As someone who has always been interested in virtualisation, automation, reproducibility, build tools and provisioning, introducing containers like Docker has been a welcomed evolution and a revelation. Being already heavily invested in the use of Vagrant for development and systems the migration to/ combination with Docker has been smooth.


Docker addiction step 1. Exploration

First steps are usually to try the easy hello-world-ish examples. Downloading an Ubuntu image and launching bash inside a Docker container. Basically exploring Docker and its commands, which is what I cover in my how to install, basic use patterns and many handy tips with Docker howto.


Docker addiction step 2. Imagination

My howto document also takes you into step 2 which is more about creating your own basic images. Creating a simple Apache or Nginx container with a simple volumised website. Creating images ready with a Java SDK or node.js etc. I have made some simple Dockerfiles of these type of images available at github.com/flurdy/Dockerfiles.

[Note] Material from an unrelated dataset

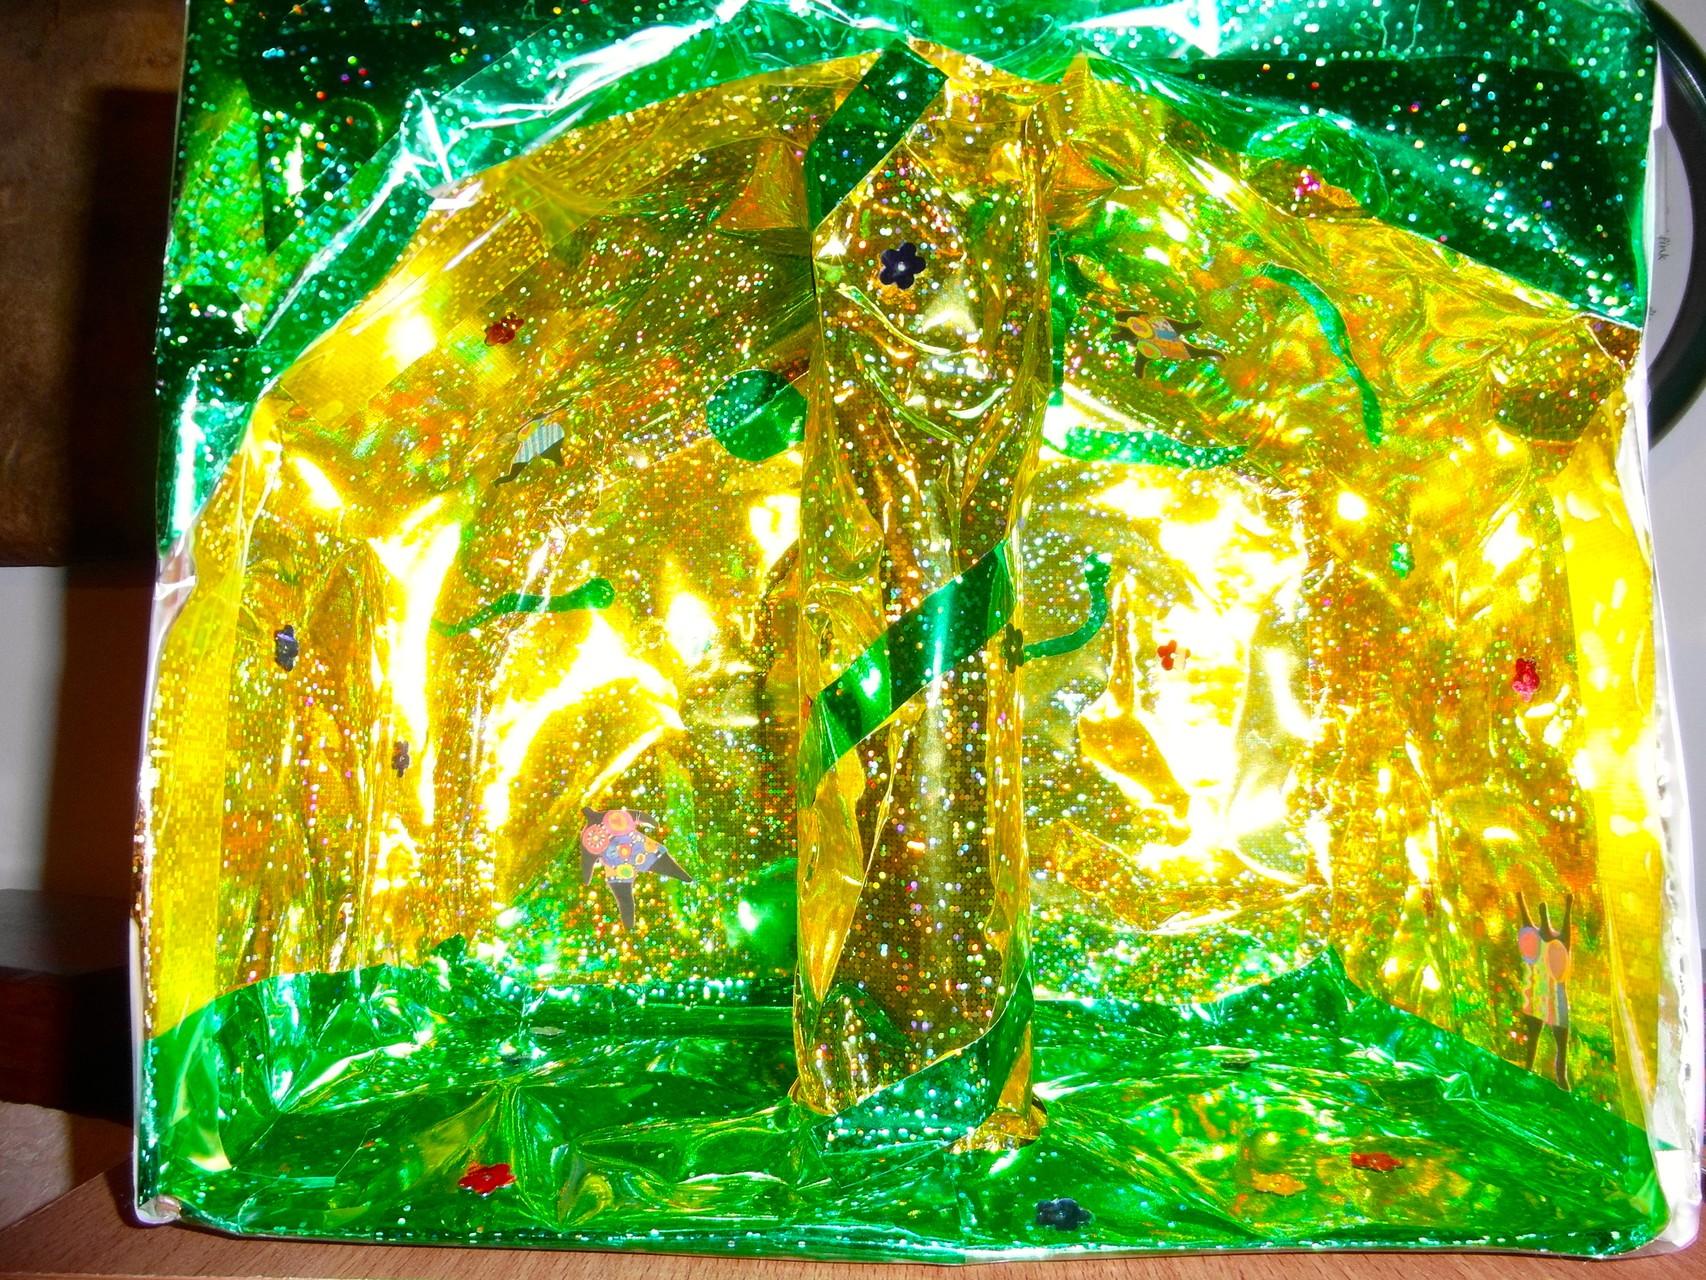 die Zauberhöhle inspiriert von Niki de Saint Phalle Kunstprojekt mit 10 Jährigen

Then you usually also wrap a simple application of your own in an image and running it on other computers. You start to understand how and where Docker can be used.


Docker addiction step 3. Diversity

Once you got one application inside a container you start to experiment with other applications. Might take a look at other types of applications and more likely support applications such as databases inside a container.

You might start to link containers to each other such as an application to a database container and some of the other handy Docker tips in my howto.


Docker addiction step 4. Proliferation

Now you have tried a mixture of applications with Docker you might spread the use to even more core applications and more. You start to link multiple containerised applications to each other.

Replacing third party integration and old legacy applications with a container image, wiring up and switching between different versions of an application via container linking, etc.

As you start to basically recreate environments using Docker containers you might start to facilitate promotion between staging environments only using container images. And eventually production is containerised.

You are probably already sharing and discovering images at work and on the internet. Using the public Docker registry hub and/or internally with tools such as Quay.io


Docker addiction step 5. Eccentricity

When comfortable with writing Dockerfiles and fully aware of the Docker way of layers and process then you start to experiment with more unconventional Docker images.

You might create Android SDK in an image, ready made SSH tunnels to apps or databases in another. You add tools such as a local maven repository manager, local DNS servers, mail servers, etc. into containers.  You realise desktop applications can actually be containerised.

Eventually tools to facilitate easier and more manageable Docker life such as Fig, Panamax, ShipyardDokku, etc. are maybe among your toolset.


Docker addiction step 6. Ubiquitous

By now all your core applications are run/runnable inside a container.

They link to databases, message queues, 3rd party adapters, and other smaller applications that are all also inside containers.

Your testing environments, staging environments, production environment, development environment and REPL are all running inside containers.

When you create a new application or touch an old legacy application your first step is to write a Dockerfile and containerise the application. You design applications and processes from the ground up to be containerised.

This is what I call CDD - Container Driven Development.

Possibly by now you are convinced everything belongs inside a container, so a better name is perhaps CDL- Container Driven Life.